PROBLEM TO SOLVE -> Give every line of the records exactly, please, from the first up to and including the one containing "สู่ 'ร่างกายมนุษย์' : การปลูกถ่ายอวัยวะที่อาจเกิดขึ้นในปีนี้".

════════

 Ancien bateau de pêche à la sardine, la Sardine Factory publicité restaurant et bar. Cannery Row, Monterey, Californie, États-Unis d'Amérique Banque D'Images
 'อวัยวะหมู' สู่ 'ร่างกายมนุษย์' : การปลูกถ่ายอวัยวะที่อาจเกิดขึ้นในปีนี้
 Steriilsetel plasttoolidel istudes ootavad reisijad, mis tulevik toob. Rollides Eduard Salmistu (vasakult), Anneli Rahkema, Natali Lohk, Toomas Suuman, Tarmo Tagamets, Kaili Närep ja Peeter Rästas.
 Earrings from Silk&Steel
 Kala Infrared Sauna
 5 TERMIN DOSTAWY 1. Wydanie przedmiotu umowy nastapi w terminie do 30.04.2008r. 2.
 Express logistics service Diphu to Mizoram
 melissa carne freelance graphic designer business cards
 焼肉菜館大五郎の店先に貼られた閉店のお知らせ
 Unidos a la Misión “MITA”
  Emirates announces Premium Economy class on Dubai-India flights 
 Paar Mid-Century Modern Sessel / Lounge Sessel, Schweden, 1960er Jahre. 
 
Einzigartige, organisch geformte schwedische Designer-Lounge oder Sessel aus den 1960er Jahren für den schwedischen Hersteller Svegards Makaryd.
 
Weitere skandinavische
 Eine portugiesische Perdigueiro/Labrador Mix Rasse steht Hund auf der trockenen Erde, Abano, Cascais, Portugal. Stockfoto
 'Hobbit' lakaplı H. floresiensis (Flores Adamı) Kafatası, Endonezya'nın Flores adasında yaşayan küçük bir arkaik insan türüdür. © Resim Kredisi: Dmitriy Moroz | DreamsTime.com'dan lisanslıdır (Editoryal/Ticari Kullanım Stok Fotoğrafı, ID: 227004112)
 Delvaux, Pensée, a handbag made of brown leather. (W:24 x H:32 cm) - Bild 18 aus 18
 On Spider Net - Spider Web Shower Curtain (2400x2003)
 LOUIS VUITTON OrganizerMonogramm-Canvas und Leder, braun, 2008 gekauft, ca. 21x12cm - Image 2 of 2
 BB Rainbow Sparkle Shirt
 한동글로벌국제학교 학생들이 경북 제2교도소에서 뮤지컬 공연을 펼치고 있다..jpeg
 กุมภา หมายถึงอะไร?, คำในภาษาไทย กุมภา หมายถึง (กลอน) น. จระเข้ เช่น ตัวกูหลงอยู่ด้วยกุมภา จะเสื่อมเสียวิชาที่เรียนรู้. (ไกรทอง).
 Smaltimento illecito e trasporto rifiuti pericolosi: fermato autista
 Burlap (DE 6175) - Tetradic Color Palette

════════

TASK ANSWER ->
 Ancien bateau de pêche à la sardine, la Sardine Factory publicité restaurant et bar. Cannery Row, Monterey, Californie, États-Unis d'Amérique Banque D'Images
 'อวัยวะหมู' สู่ 'ร่างกายมนุษย์' : การปลูกถ่ายอวัยวะที่อาจเกิดขึ้นในปีนี้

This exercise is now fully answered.